Extracted records Block Start
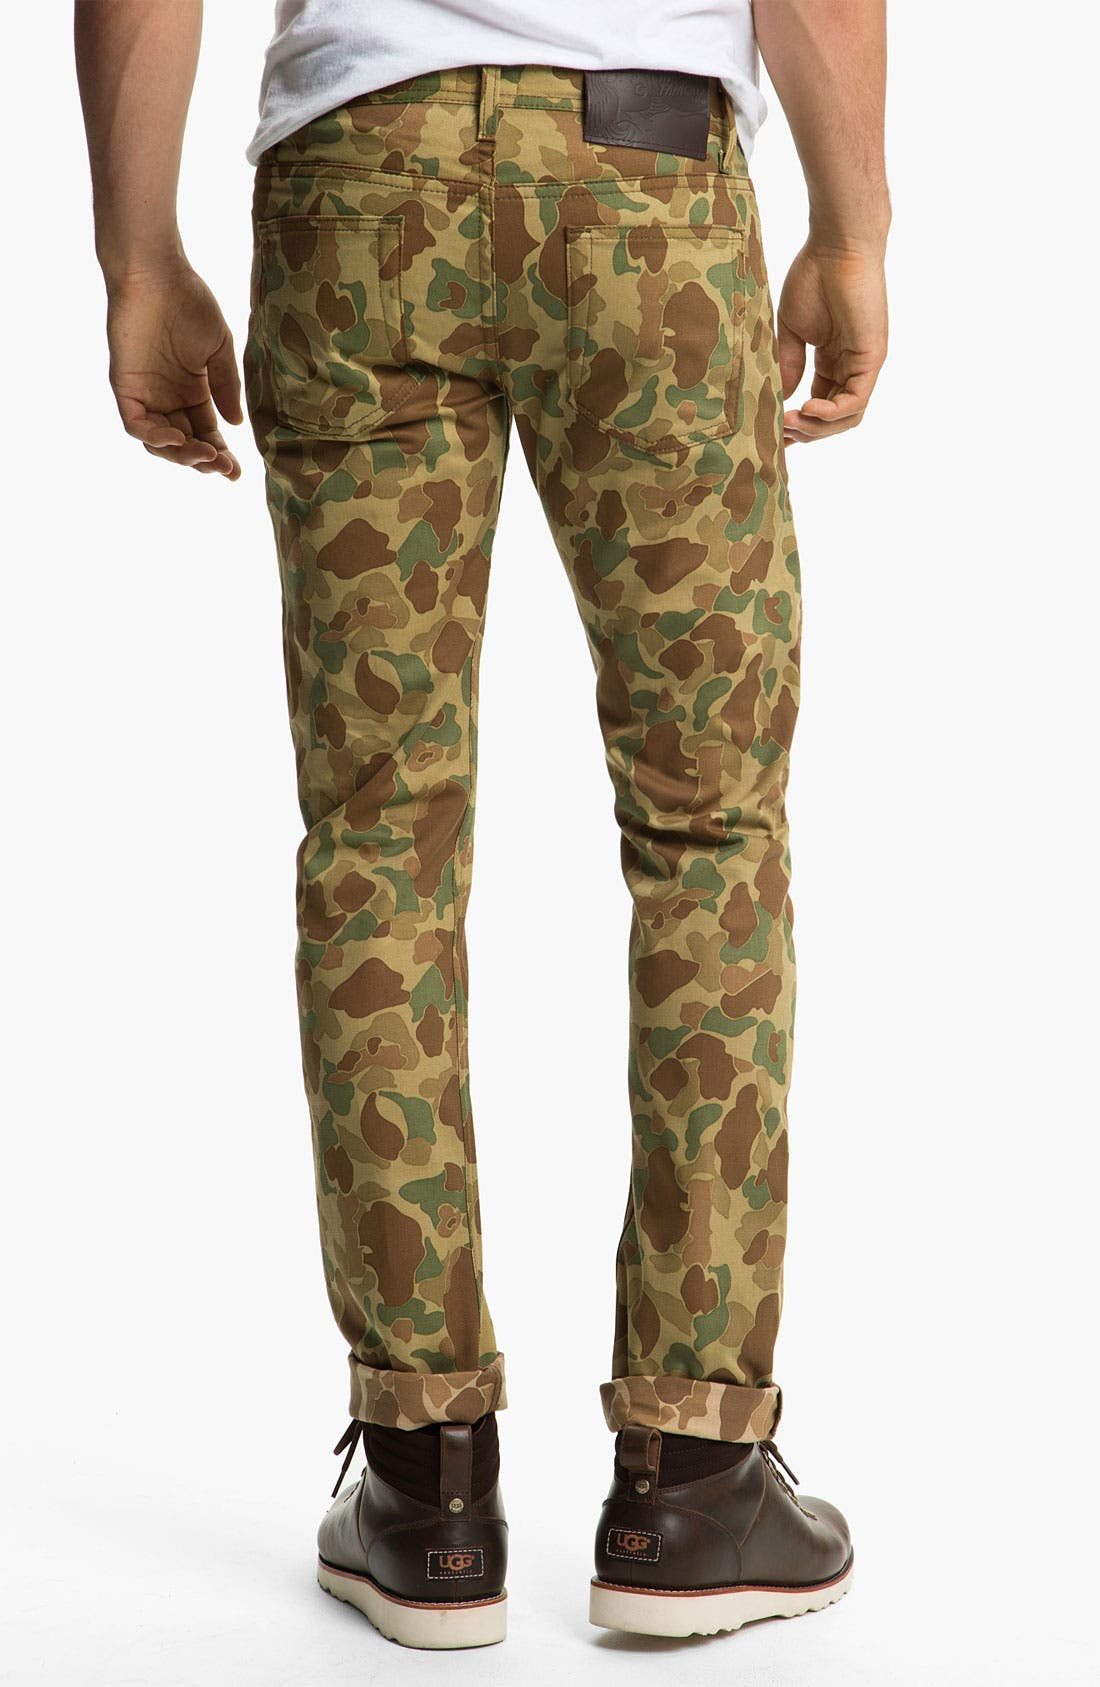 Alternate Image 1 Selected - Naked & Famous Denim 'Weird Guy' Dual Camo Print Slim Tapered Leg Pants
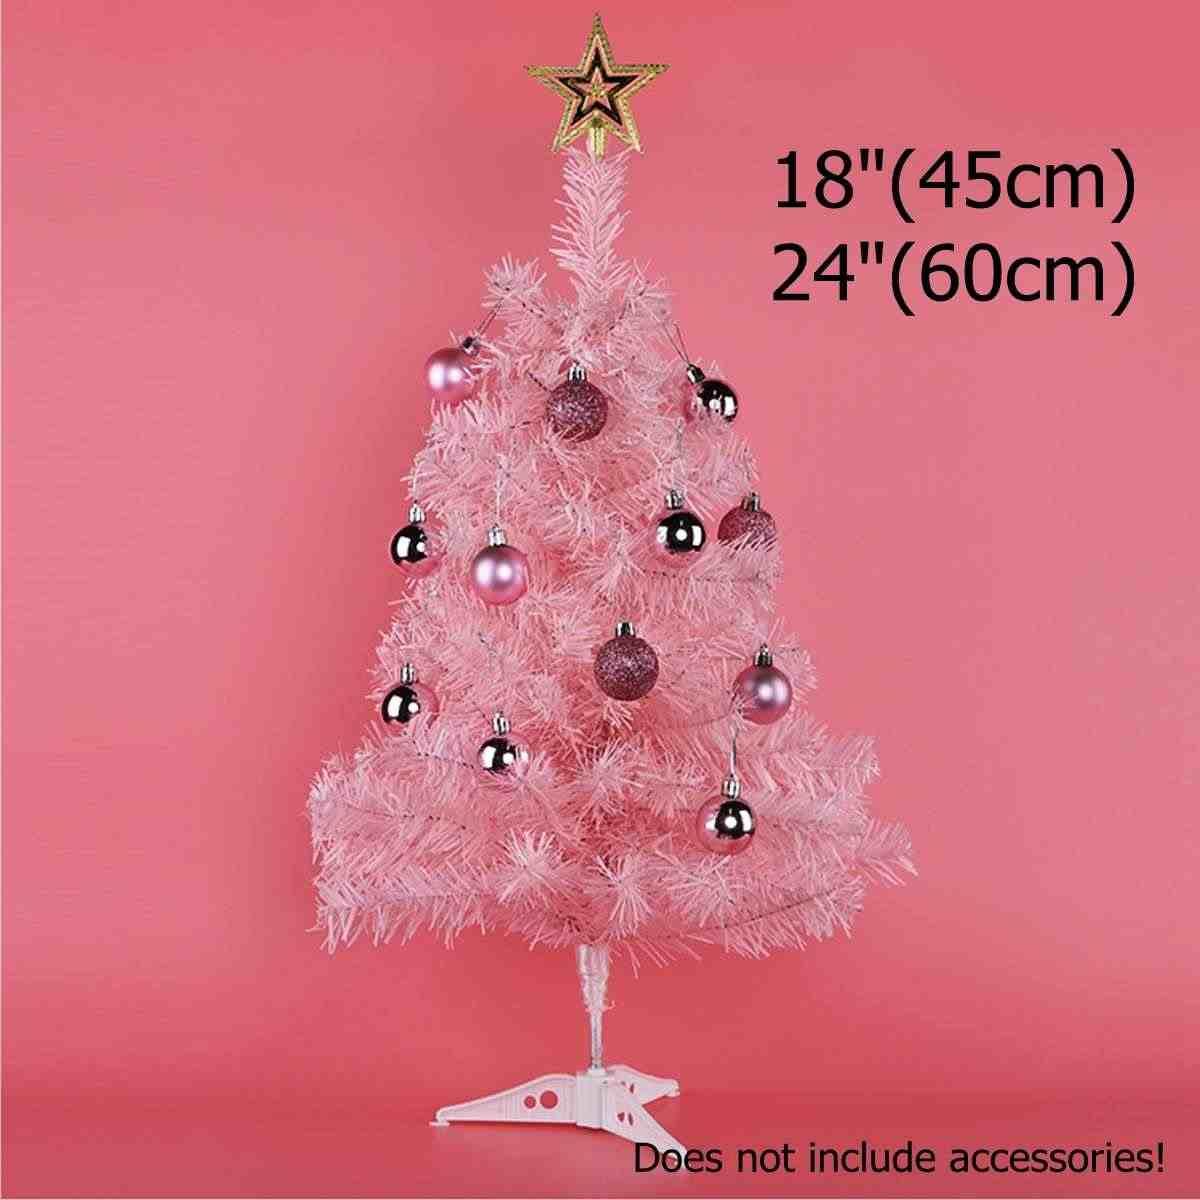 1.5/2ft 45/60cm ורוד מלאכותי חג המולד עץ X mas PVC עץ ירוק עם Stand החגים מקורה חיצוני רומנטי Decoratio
Extracted records Block End
Extracted records Block Start
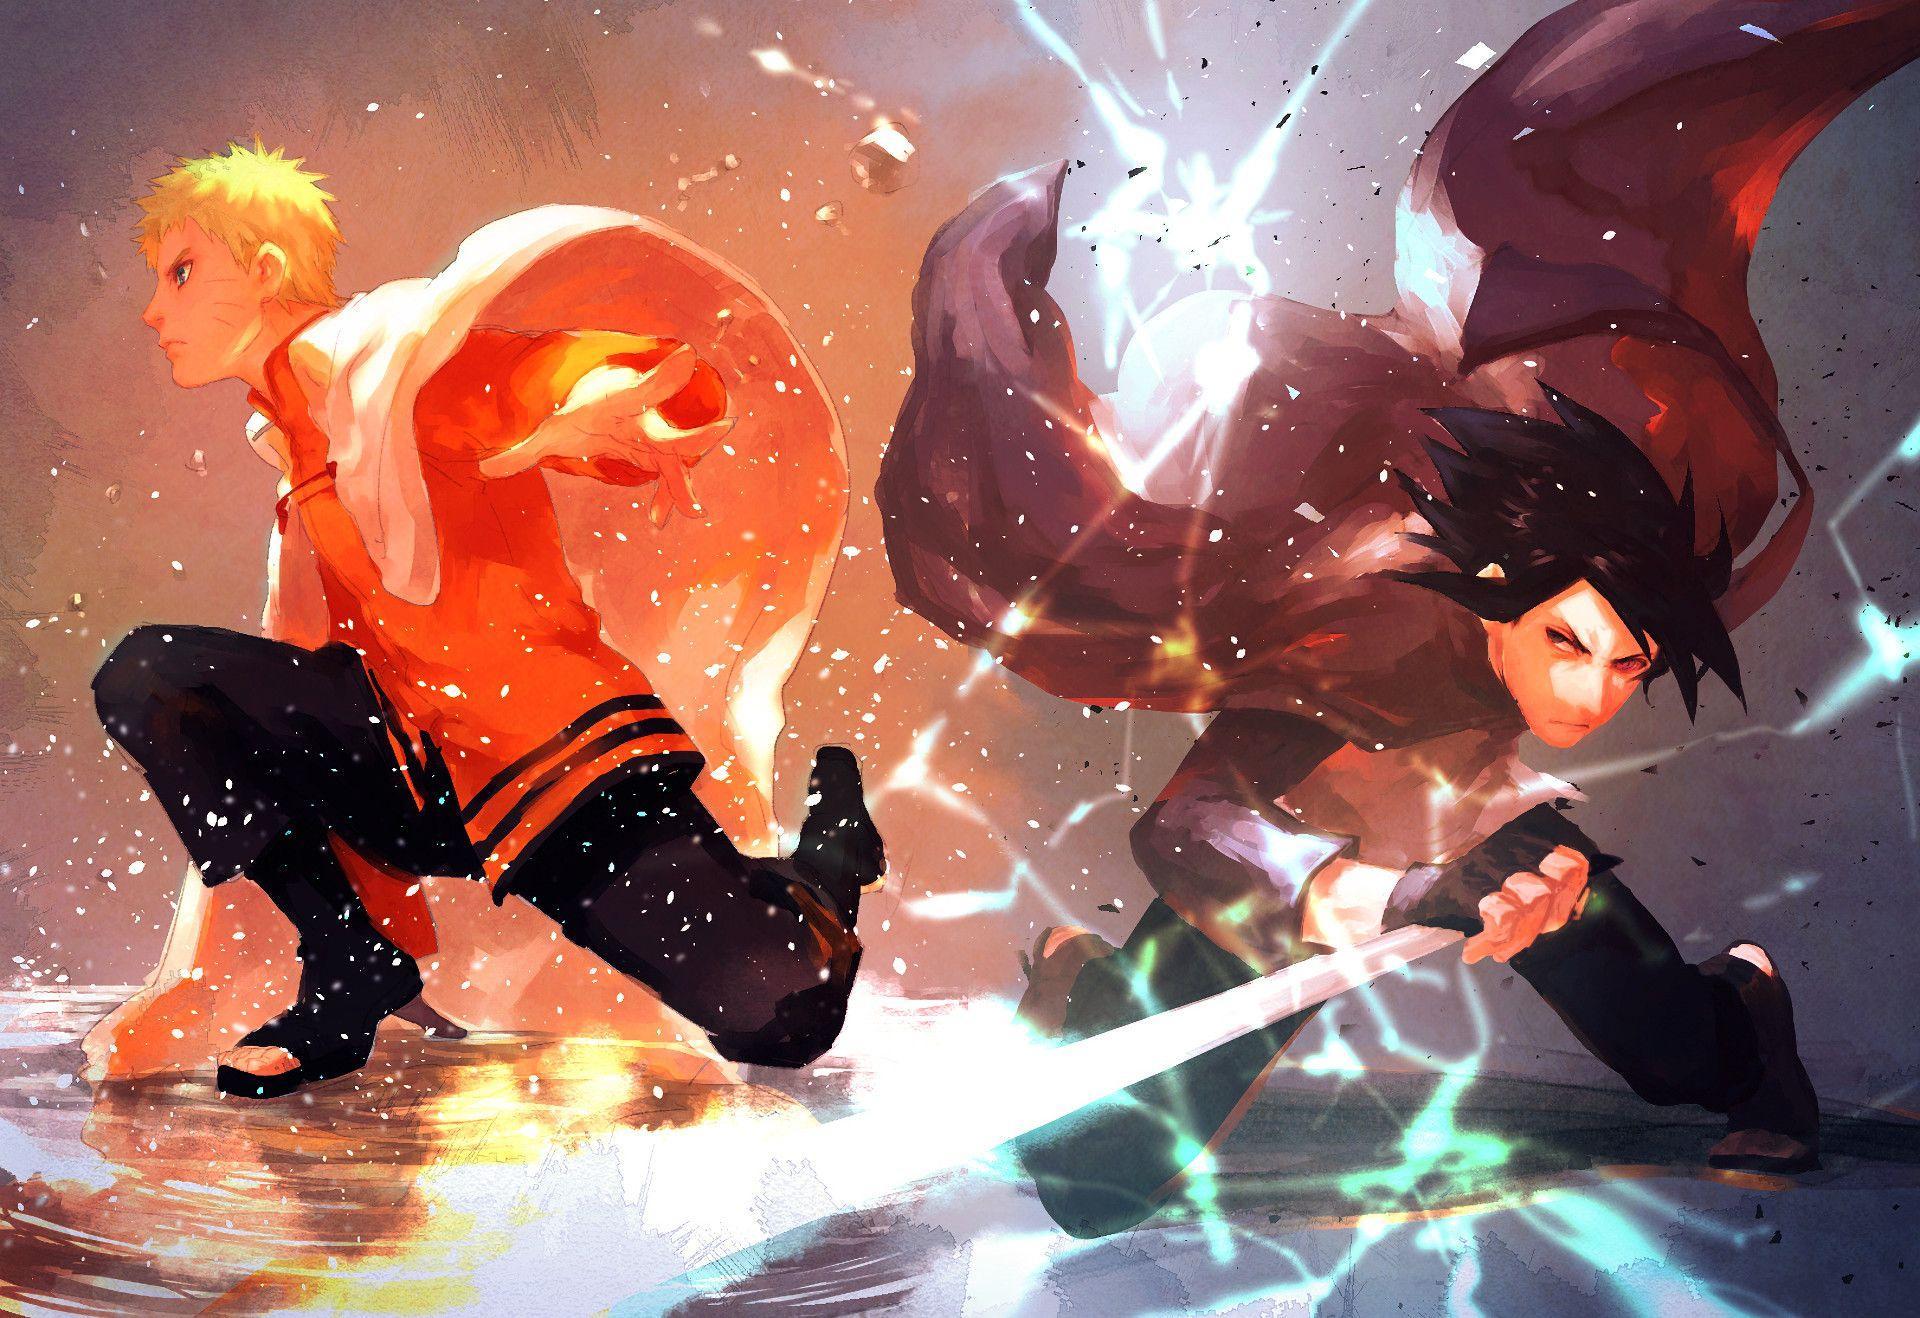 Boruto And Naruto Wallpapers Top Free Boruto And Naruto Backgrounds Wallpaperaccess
Extracted records Block End
Extracted records Block Start
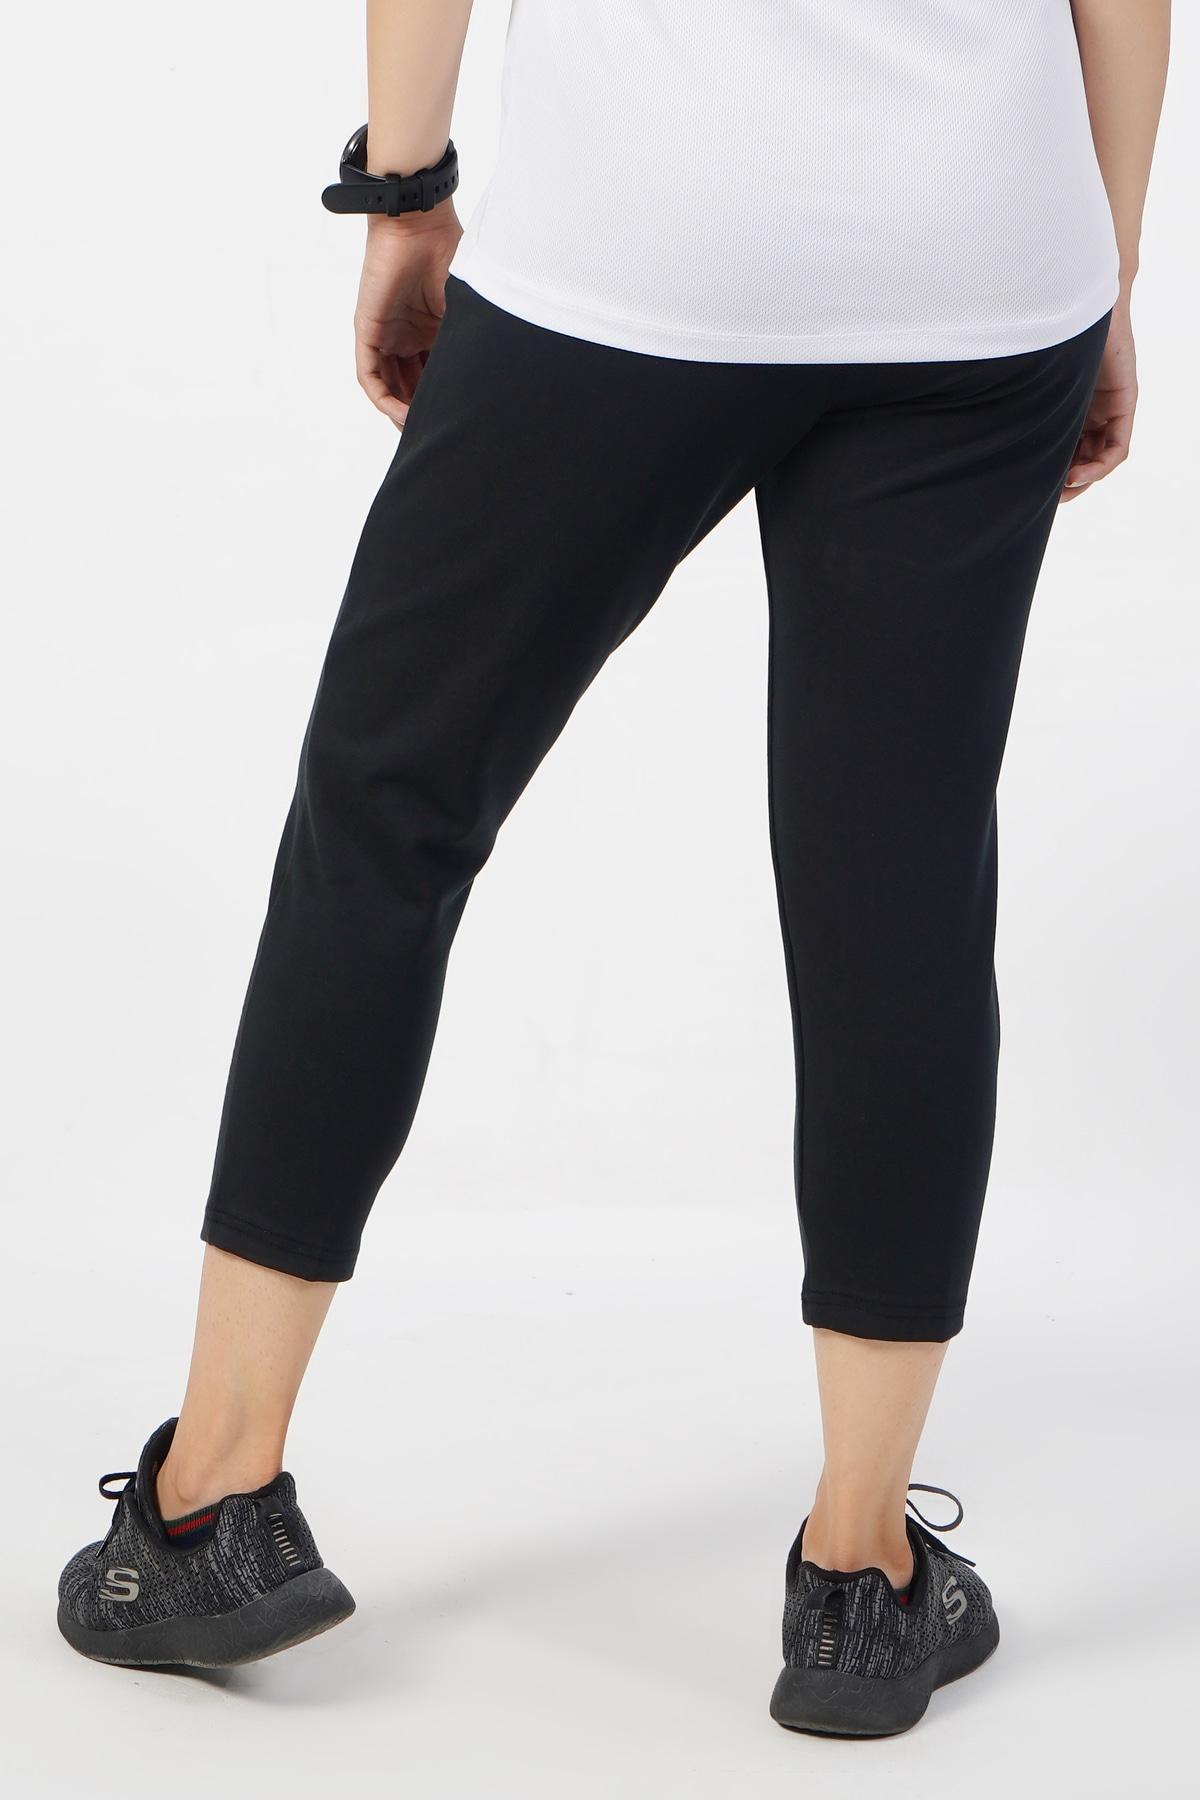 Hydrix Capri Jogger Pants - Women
Extracted records Block End
▶ _What you will do_: What are the lines above from the one with "Alternate Image 1" to the one with "1.5/2ft 45/60cm ורוד", both included? Reproduce them exactly, without pictures.

▶ _Output of the exercise_:
 Alternate Image 1 Selected - Naked & Famous Denim 'Weird Guy' Dual Camo Print Slim Tapered Leg Pants
 1.5/2ft 45/60cm ורוד מלאכותי חג המולד עץ X mas PVC עץ ירוק עם Stand החגים מקורה חיצוני רומנטי Decoratio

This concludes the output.